The main problem seems obvious: Teachers don’t have time to develop their own lessons. They need ready-to-use solutions.

Duh. I was a teacher. I know this.

But!!!

I Wasn’t Solving The Right Problem

But I was basically doing the exact opposite of what people need:

  • Only 8% of my visitors want to write their own stuff. But, for years, I was explaining techniques to write your own differentiated lessons.
  • Teachers want specific examples in PD, but I’d show up and share yet another taxonomy for categorizing types of questions.
  • People want small lessons they can plug-in on a random Tuesday, but I decided to give a talk about Deductive vs. Inductive models of instruction.

Yes, yes, yes. I realize how ridiculous this was!
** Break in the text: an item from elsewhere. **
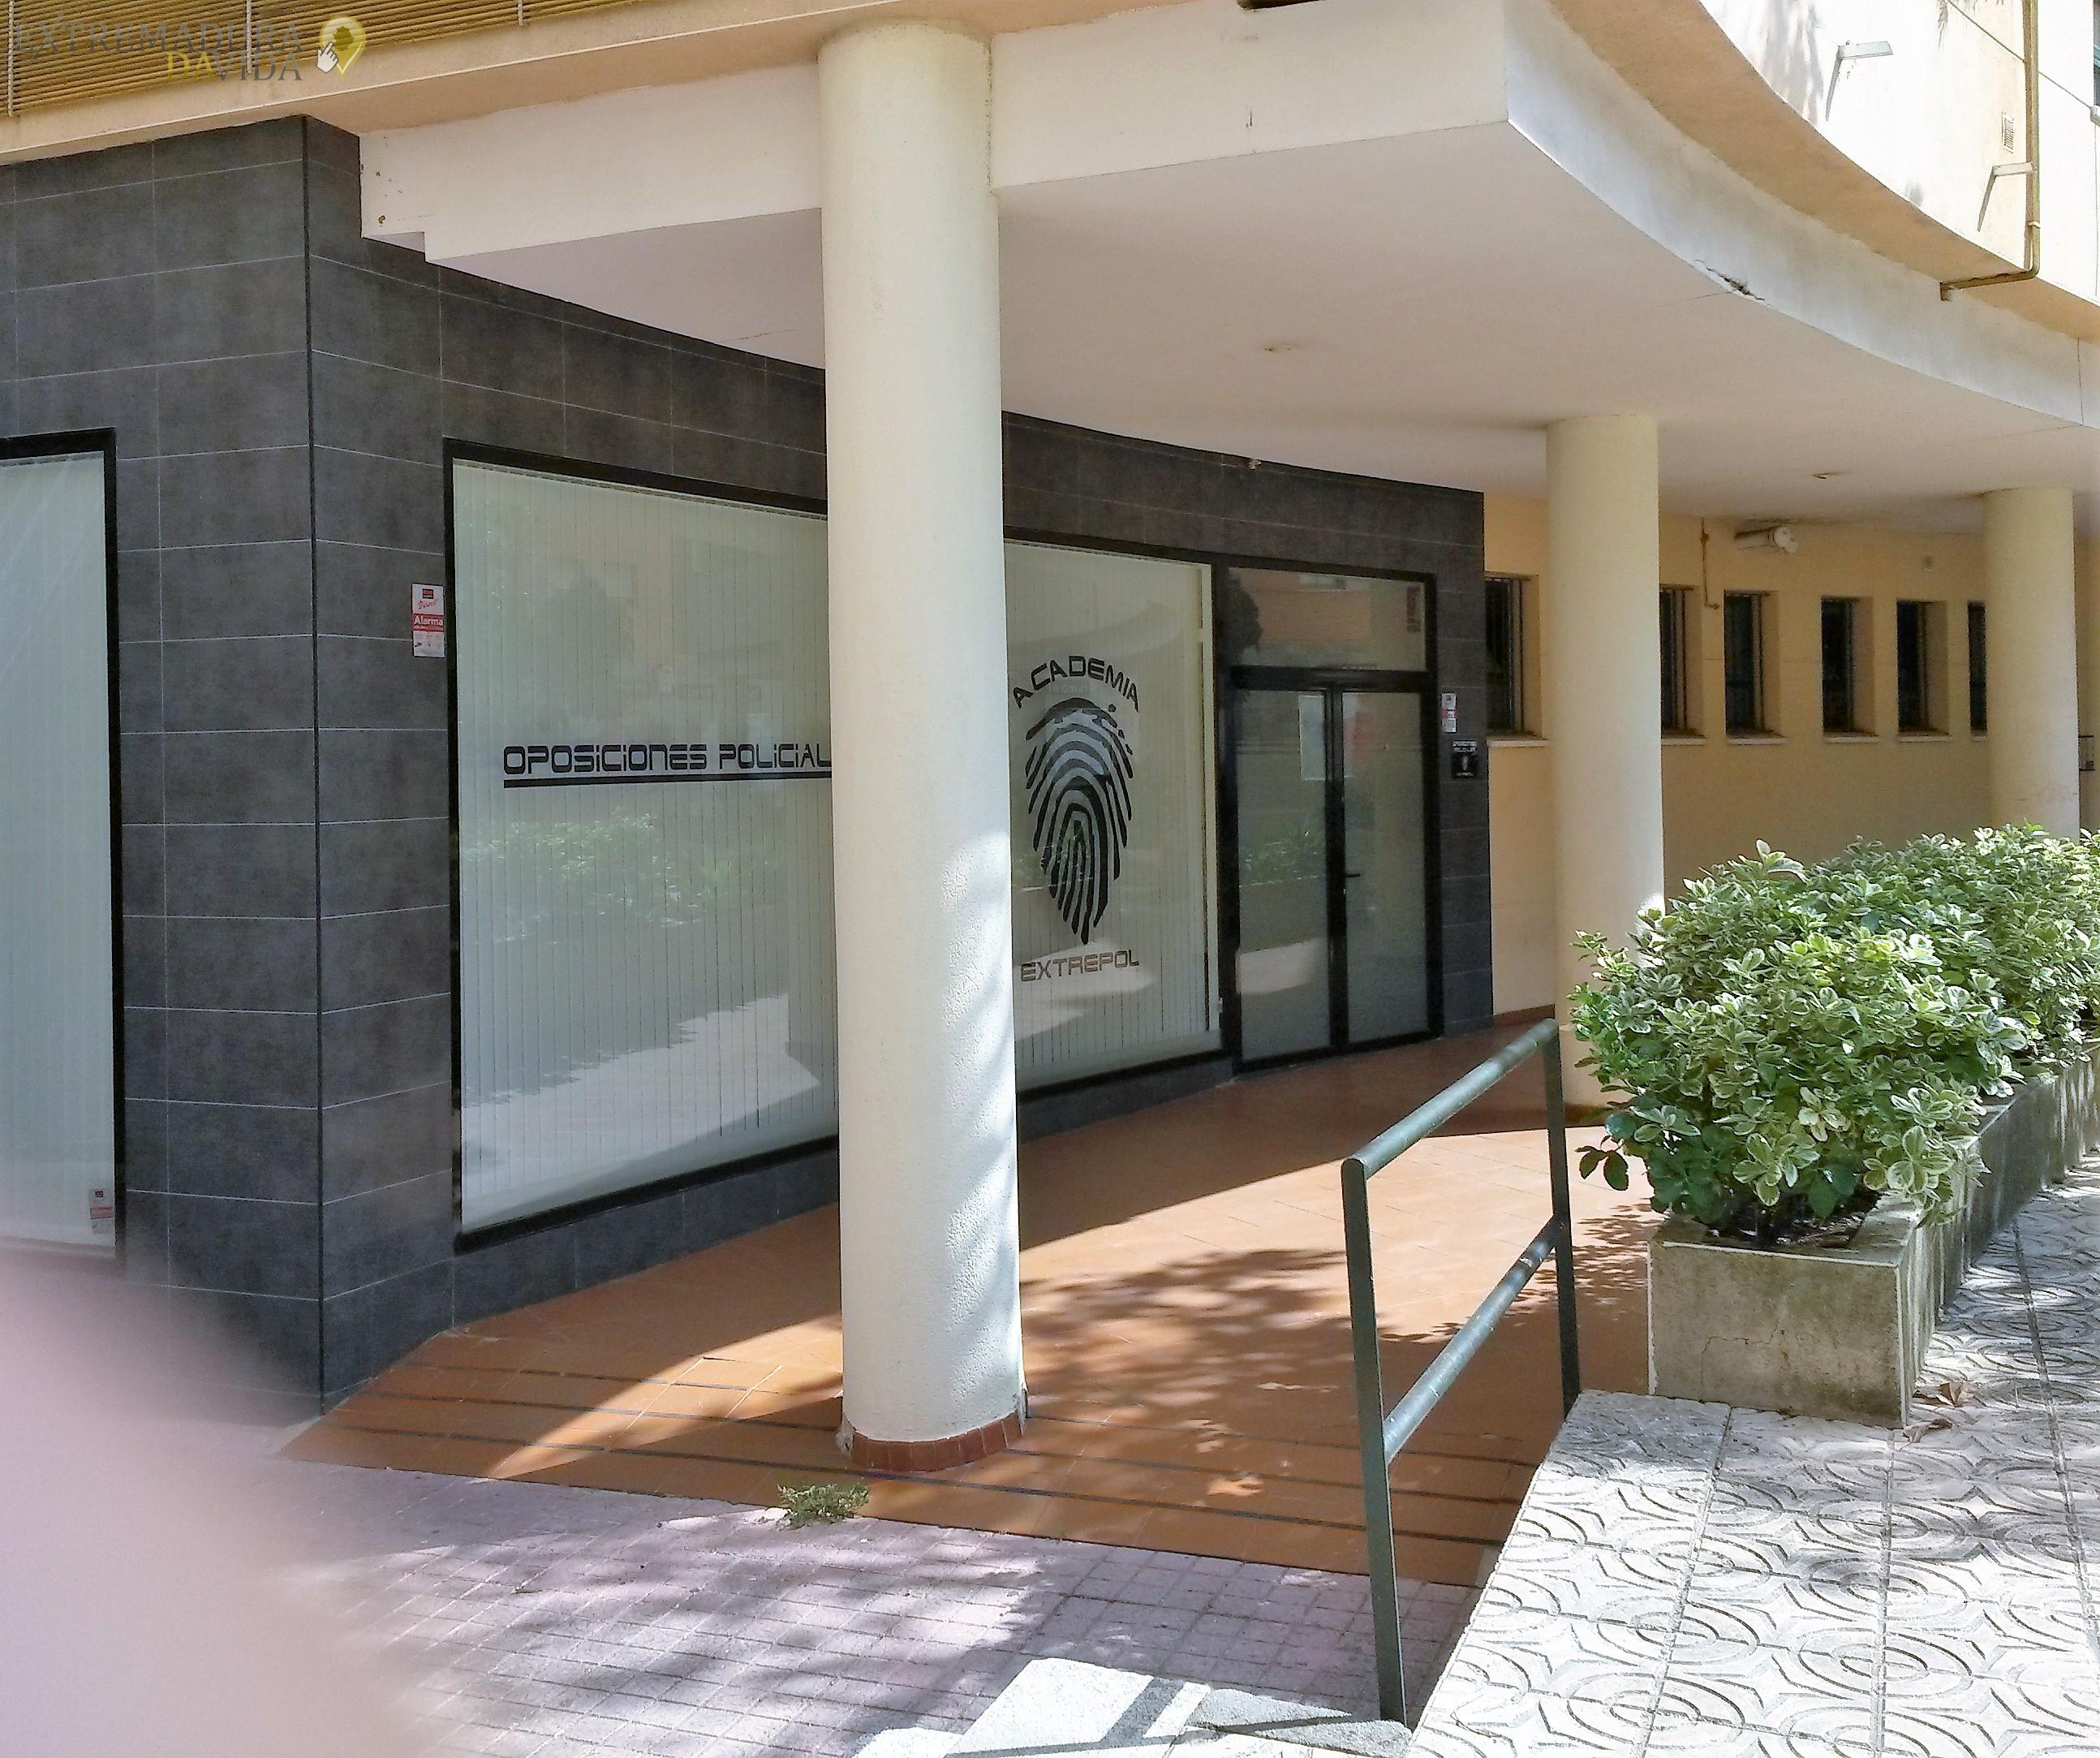 ACADEMIA POLICIA NACIONAL MUNICIPAL OPOSICIONES CACERES EXTREPOL

Give People What They Need!

  • If someone’s starving, you don’t hand them a cookbook — you feed them!
  • If they’re drowning, you don’t explain the benefits of “backstroke” vs. “butterfly” — you pull them to safety!
  • When a house is on fire, you don’t rank fire-resistant materials — you put the darn fire out!

Teachers were shouting, “I don’t have time!”, and there I was, offering up another differentiation framework 🤦‍♂️.

Whoops.

Solutions, Not Information

Most of my professional development centered on giving information. But teachers need a solution, not more homework.

  • “More Information” dumps the work back on their plates. They still have to figure out how to use it. A cookbook is information. I buy cookbooks. They sit on my shelf.
  • “A Solution” does the heavy lifting and solves the problem. A restaurant is a solution. A restaurant solves my problem.

So we need to focus on solutions. BUT we first have to know the real problem.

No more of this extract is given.